YOUR OBJECTIVE -
Retype, word for word, the line holding "Navajo | Navajo" and every line below it to the end of the listing. Leave out the pictures.

DATASET SECTION -
-=-=-

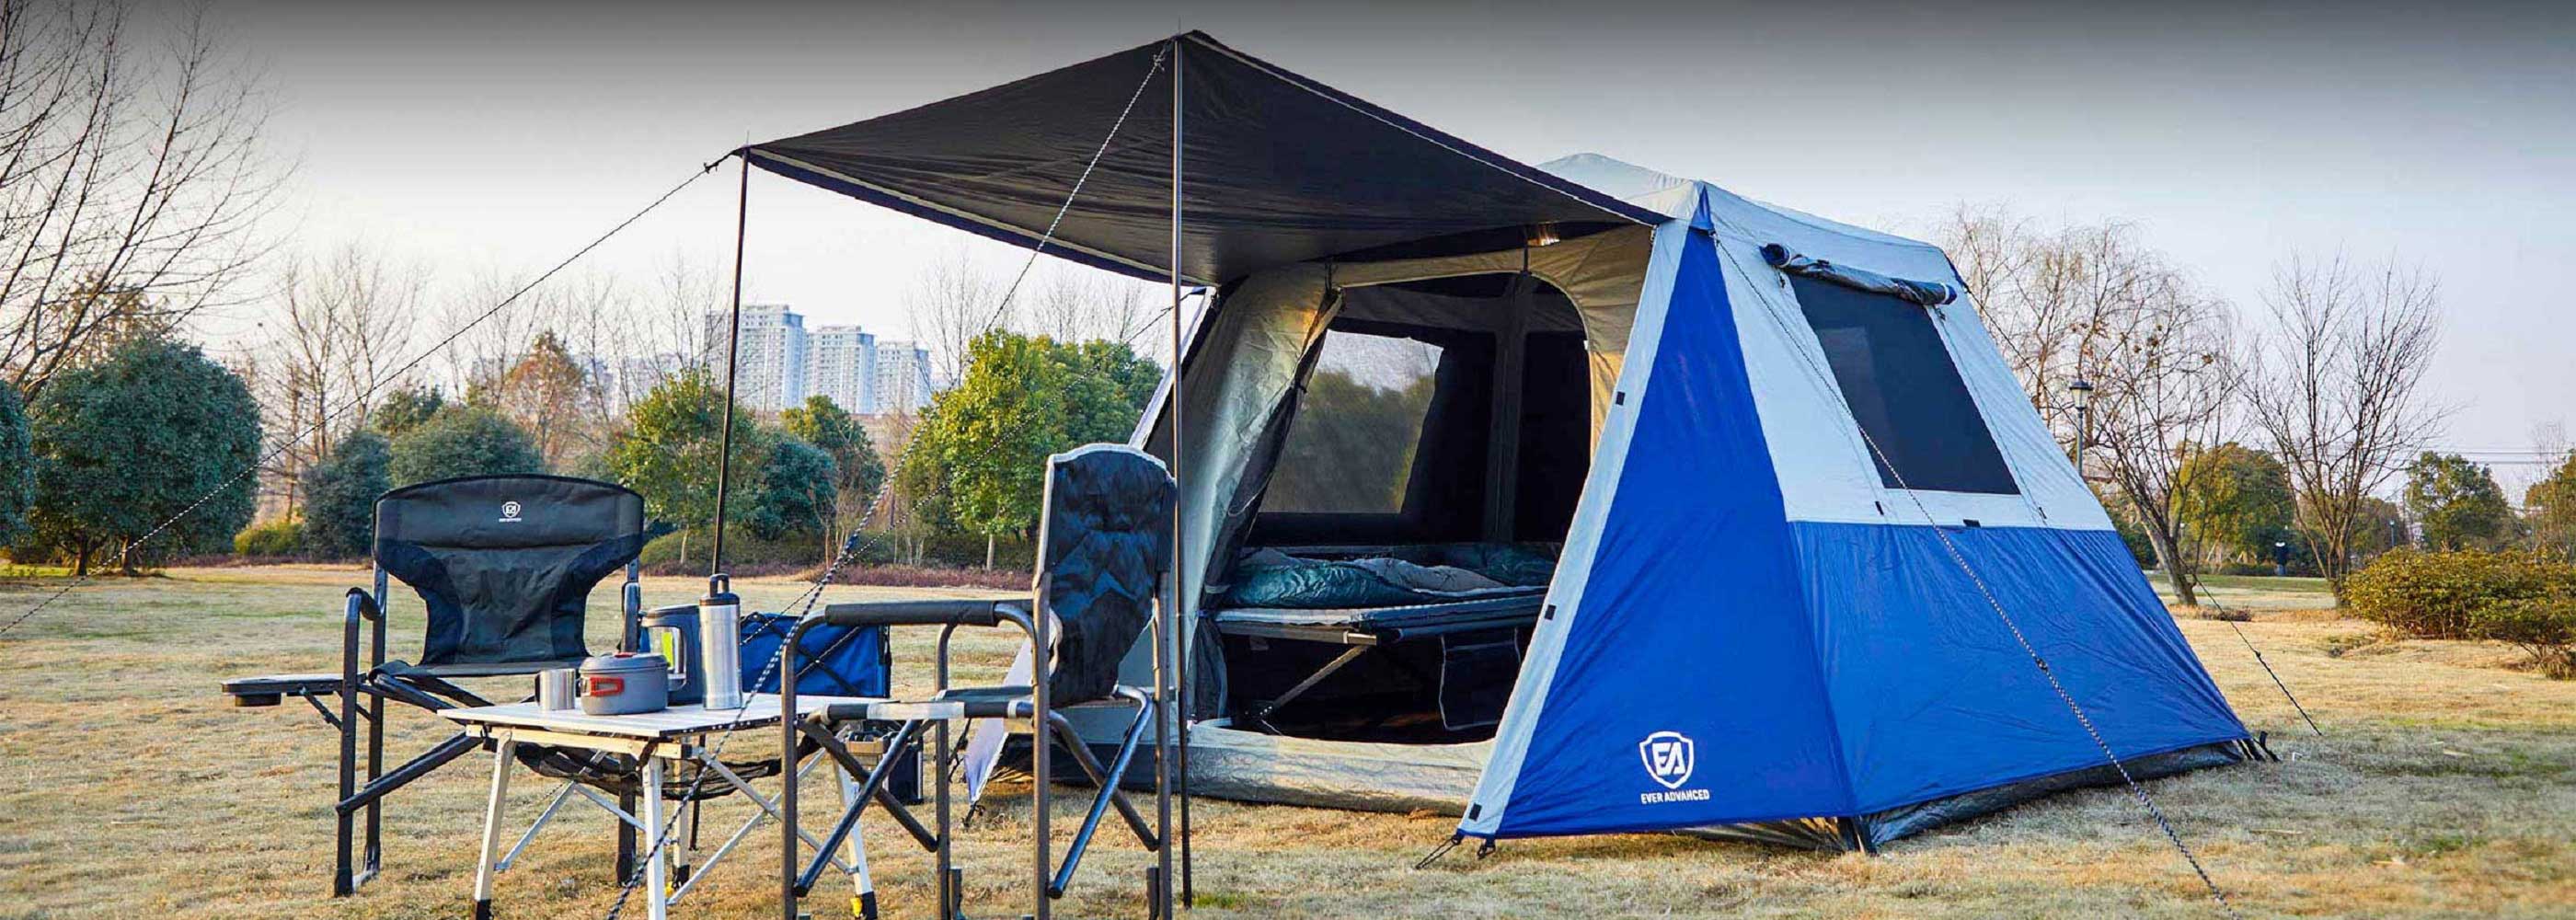 Ever Advanced blackout camping tent
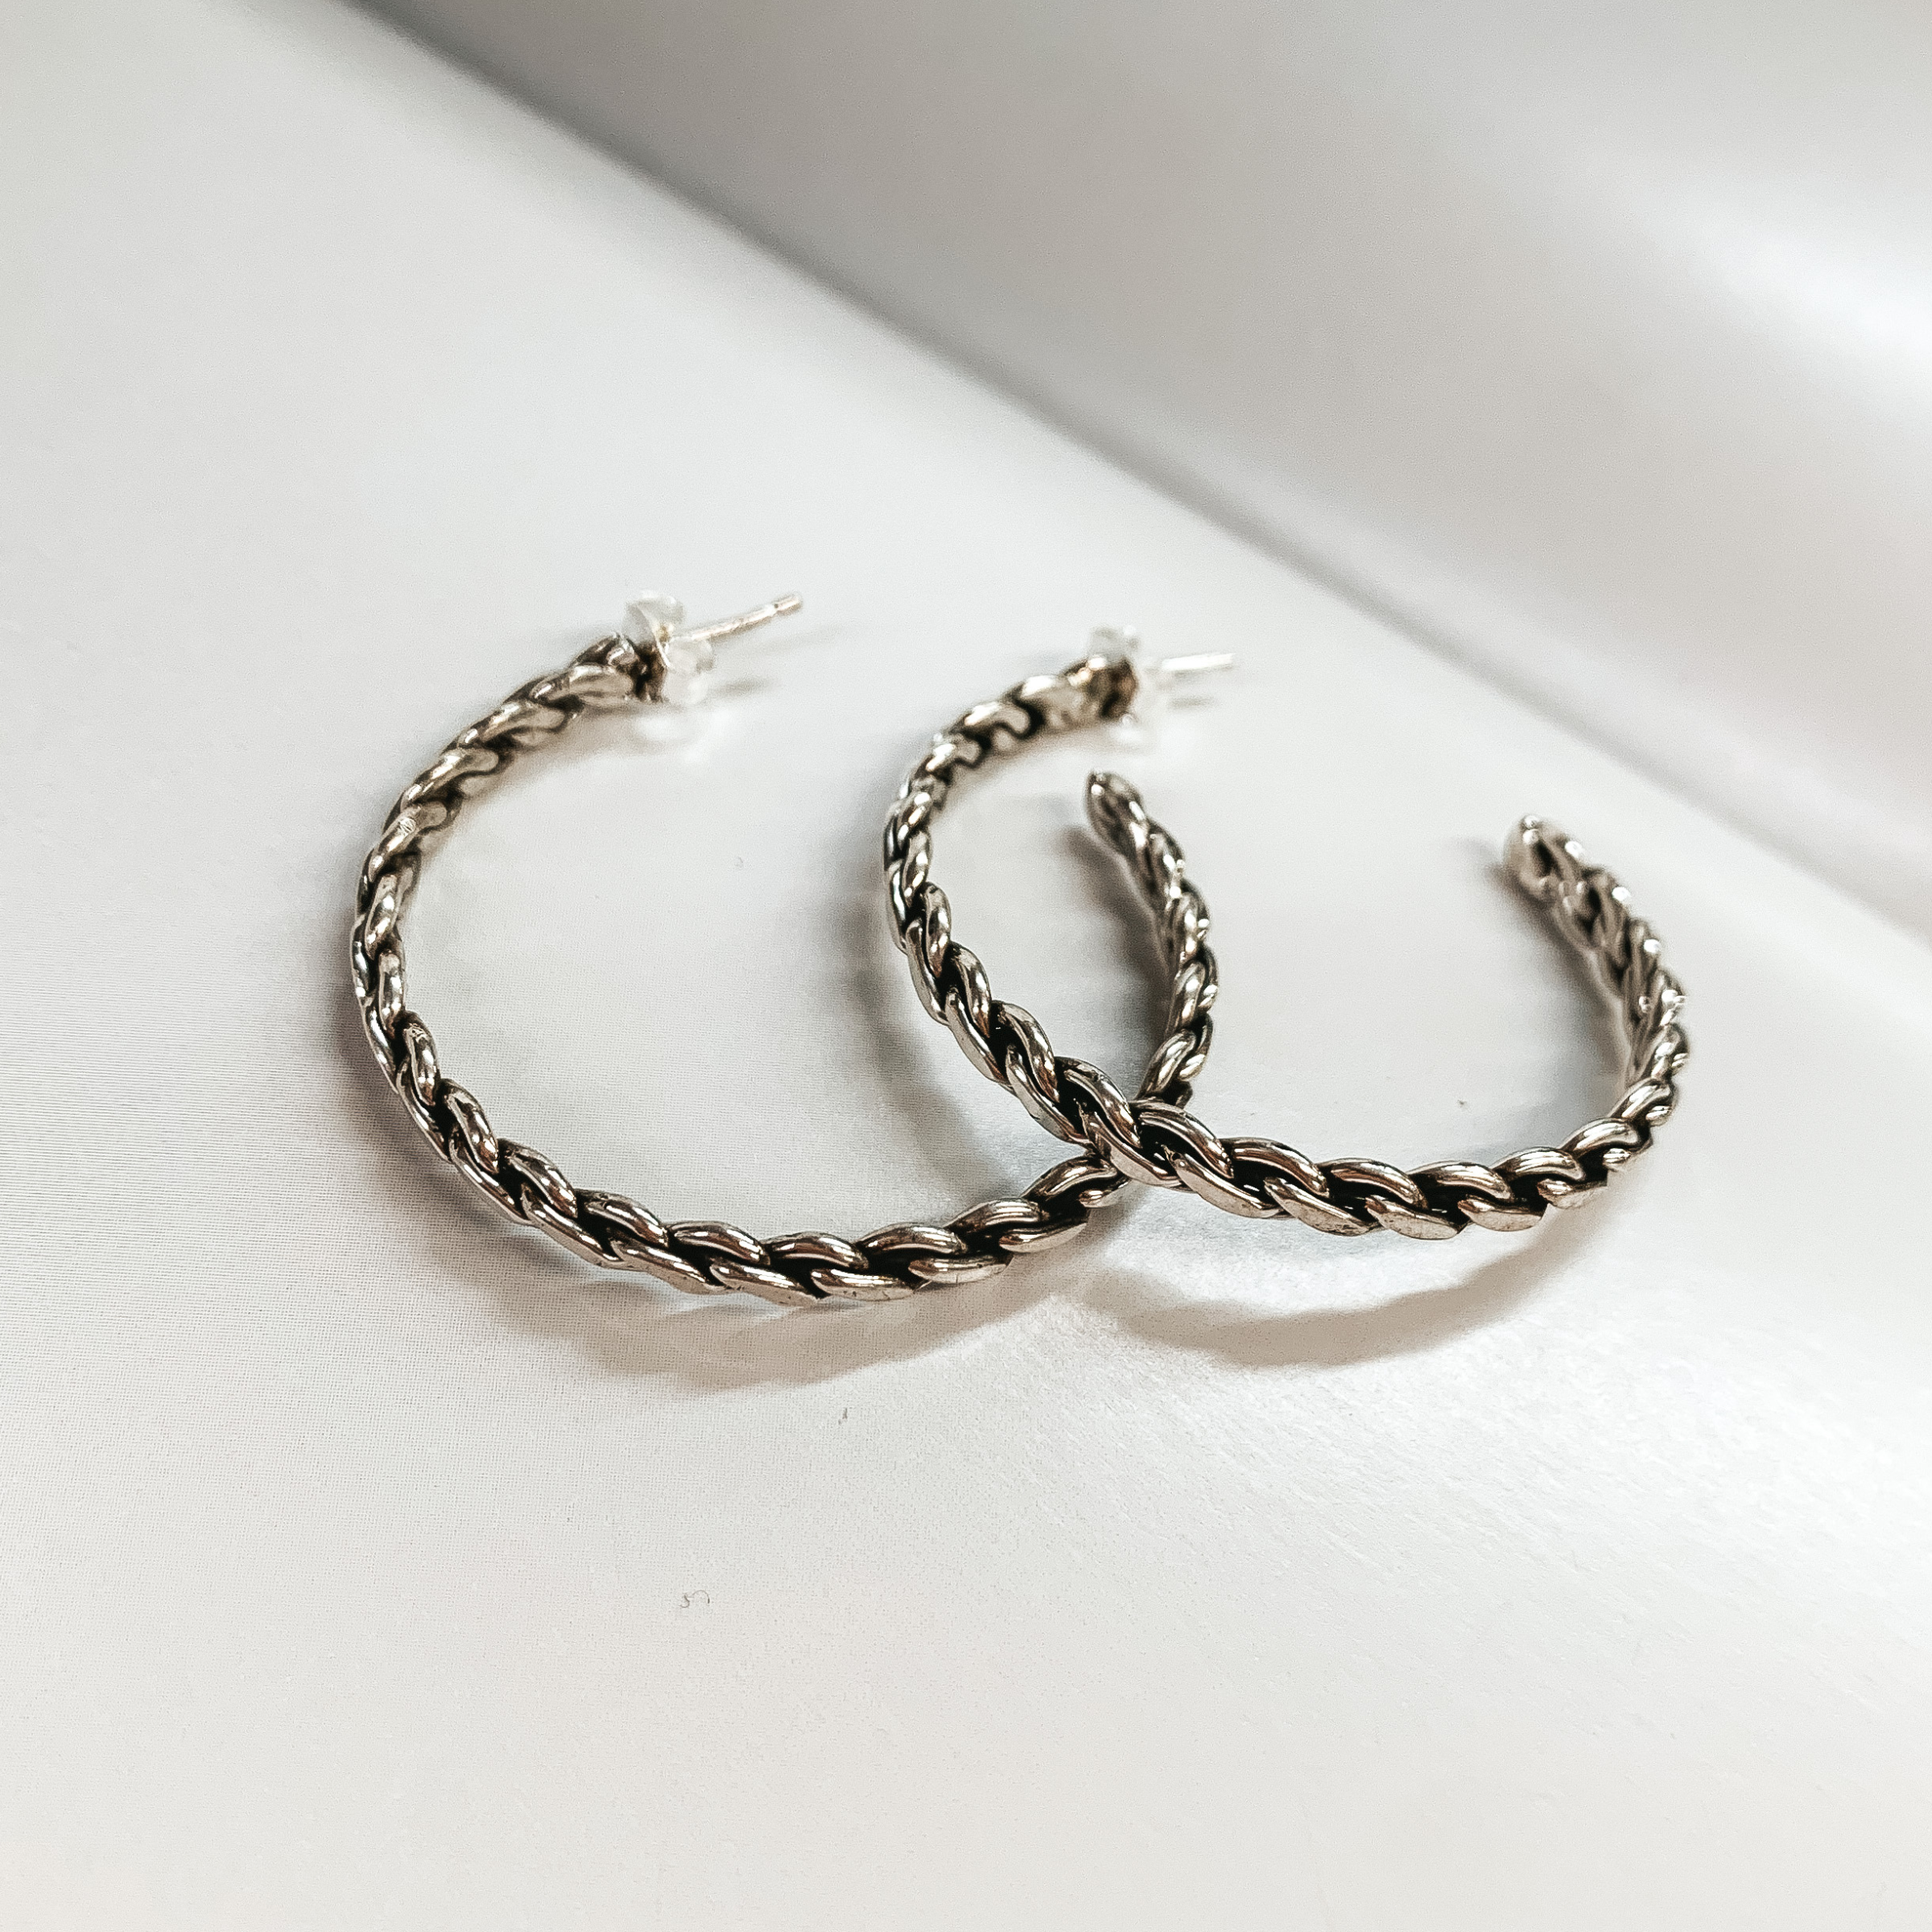 Navajo | Navajo Handmade Sterling Silver Rope Chain Hoop Earrings - Giddy Up Glamour Boutique
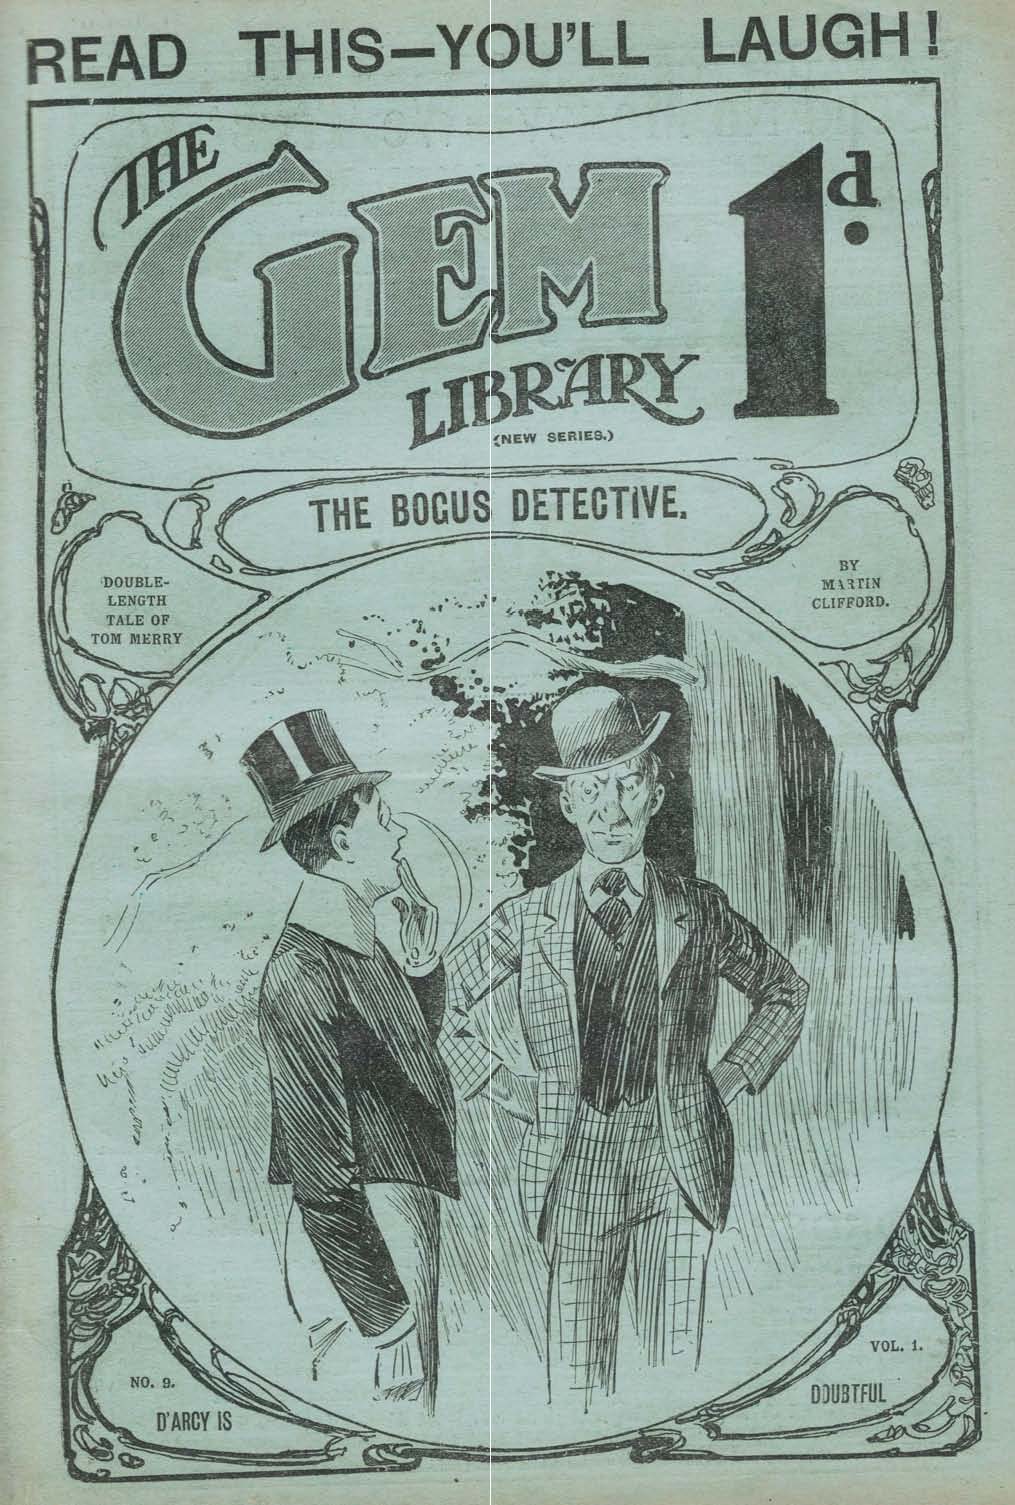 Comic Book Cover For The Gem v2 9 - The Bogus Detective

-=-=-

FINISHED TASK -
 Navajo | Navajo Handmade Sterling Silver Rope Chain Hoop Earrings - Giddy Up Glamour Boutique
 Comic Book Cover For The Gem v2 9 - The Bogus Detective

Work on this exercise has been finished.